→ **The data**:
○ ○ ○ ○ ○

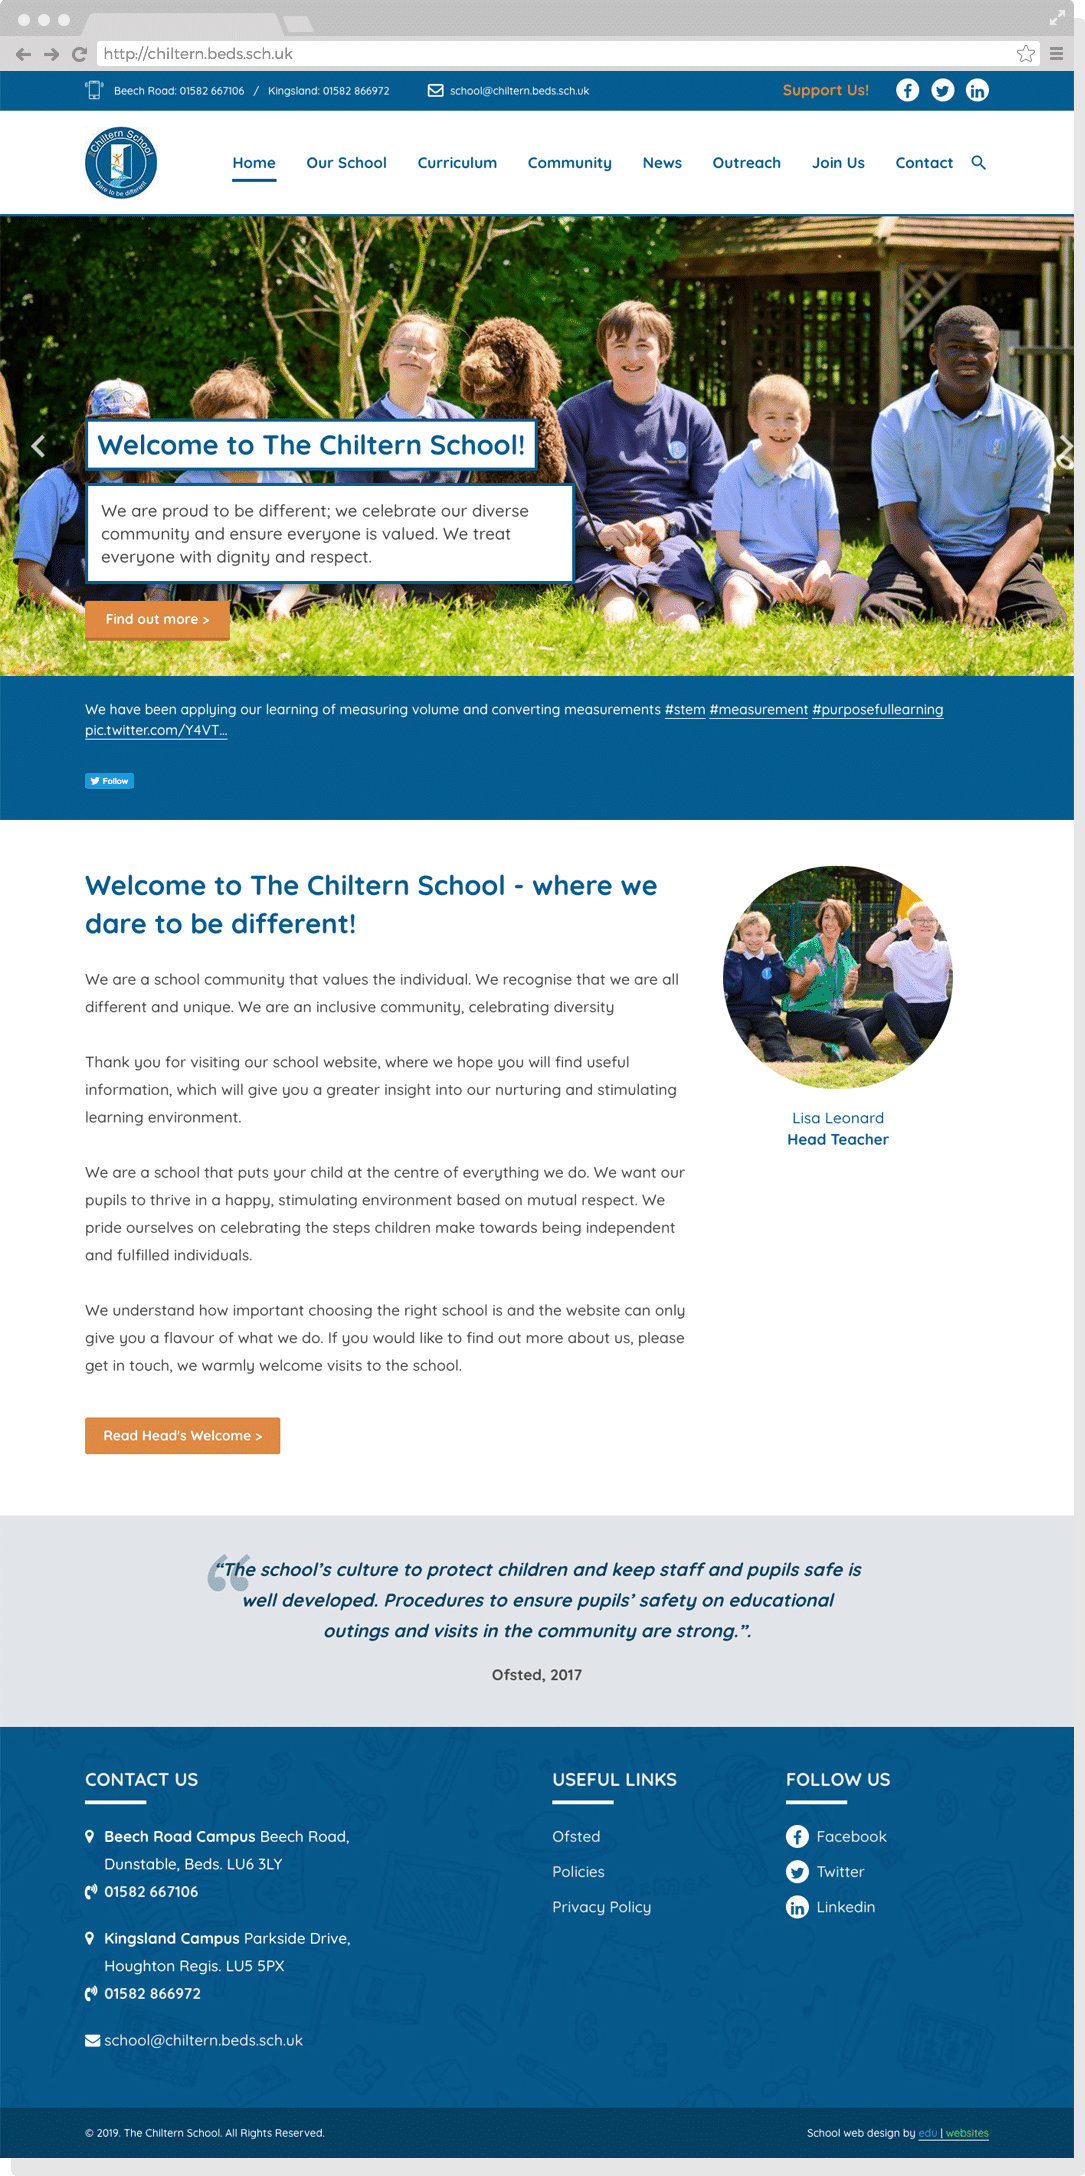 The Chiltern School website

○ ○ ○ ○ ○

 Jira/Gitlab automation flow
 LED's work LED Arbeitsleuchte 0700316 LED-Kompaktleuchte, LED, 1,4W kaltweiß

○ ○ ○ ○ ○

→ **Task to carry out**:
Copy only this part of the entries above: the line with "Jira/Gitlab automation flow", the line with "LED's work LED", and the lines between, all exactly as written.

→ **Exercise answer**:
 Jira/Gitlab automation flow
 LED's work LED Arbeitsleuchte 0700316 LED-Kompaktleuchte, LED, 1,4W kaltweiß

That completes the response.